По ту сторону озера виднелся странный старый дом. Мрак не понял, почему при виде этого дома в сердце сладко защемило. Старый дом не спит, а скорее дремлет. И хотя в нём явно никто не живет, мёртвым он не выглядит, а только затаившимся, спящим. Ставни плотно закрыты, со всех сторон поднимается высокая сорная трава, даже на крыше мох, трава, пробует прорасти крохотное деревце. Сад давно одичал, разросся, не чувствуя твёрдую руку садовника, сдавил широкую дорожку до мелкой тропки, а потом она и вовсе исчезла, сперва накрытая ветвями, потом взломанная снизу толстыми и невероятно крепкими корнями.
Конь порывался идти к дому, ему эти места явно знакомы, уже радостно фыркает и машет хвостом, но Мрак посмотрел на небо, ночь заканчивается, скоро рассвет, повернул коня.
— В другой раз, — пообещал он, прекрасно понимая, что другого раза не будет. — В другой раз...
Пронеслись и пропали за спиной покрытые лунным серебром верхушки деревьев. Встречный ветер начал стихать, впереди появилось и быстро понеслось на него страшное чёрное пространство Мёртвого Поля. Мрак натянул поводья, конь сбавил бег, ветер почти стих, а в самой середине поля заблестела огромная каменная плита.

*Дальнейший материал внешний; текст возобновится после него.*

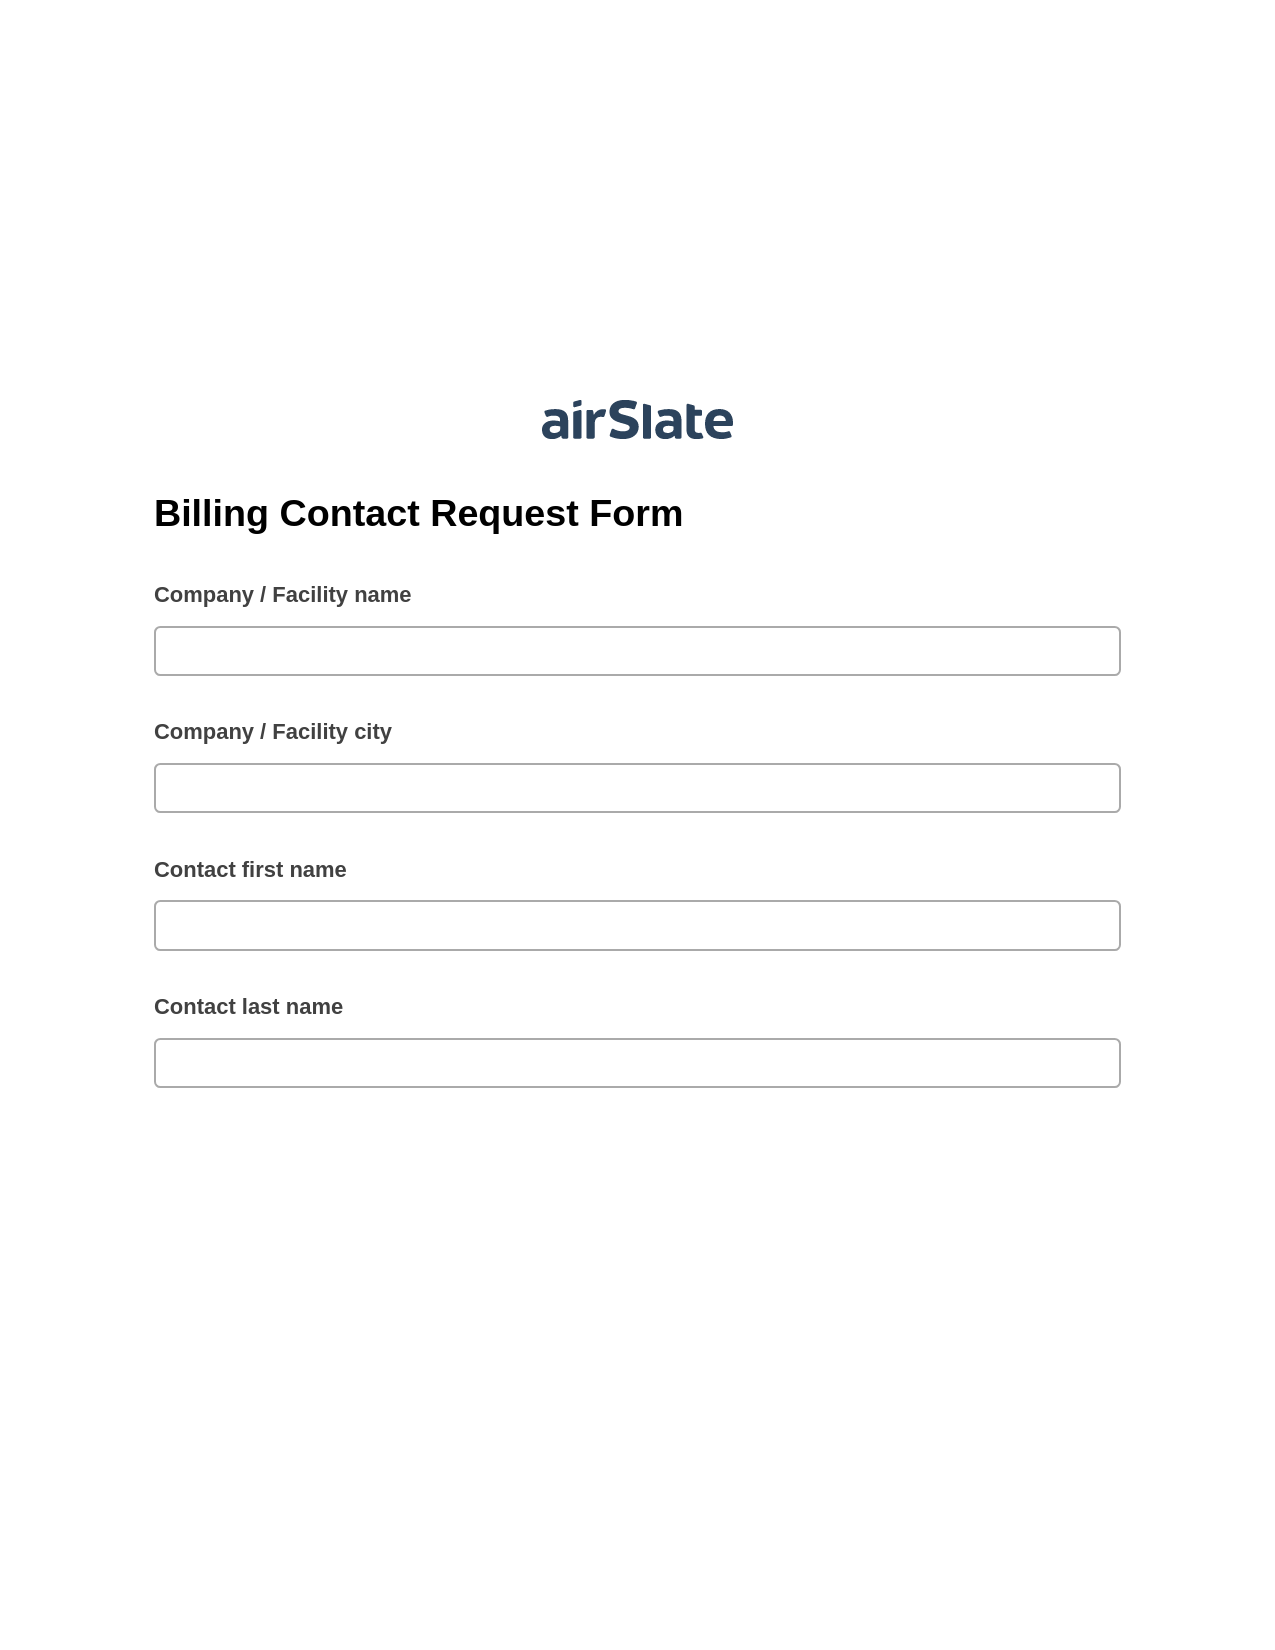 Billing Contact Request Form Pre-fill Document Bot, Audit Trail Bot, Email Notification Postfinish Bot

Волов уже выпрягли и увели, плиту окружает около двух сотен всадников. Острые глаза Мрака сразу выхватили одного из них — на крупном жеребце, красивого, в красном плаще, золочёном шлеме. Из-под красного плаща блестят дорогие доспехи, тоже позолоченные. А ещё возле плиты телега...
Конь нёс всё ещё чересчур быстро для обычного коня. Всадники заслышали грохот копыт и поспешно шарахнулись в стороны. Мрак натянул поводья, быстрым взглядом охватил всю картину. Рагнар Белозубый на своем боевом коне смотрит на него с огромным изумлением. На красивом лице попеременно борются недоверие, страх, снова недоверие, он даже попытался протереть глаза. На телеге сидят связанные... Фрига и Сигизель. На Фриге разорвано платье на груди, у Сигизеля громадный кровоподтёк под глазом, распухла и кровоточит губа.
Мрак развернул коня, глаза его быстро пробежали по рядам солдат. Это самые верные люди Рагнара, понятно, прошли с ним многие битвы, верят в него, идут за ним. Такие и тцара прибьют, не задумываясь, если велит любимый военачальник. А уж прибить такого тцара-звездочёта...
— Так-так, — сказал он мощным рыкающим голосом, — и что же я зрю своим недремлющим оком?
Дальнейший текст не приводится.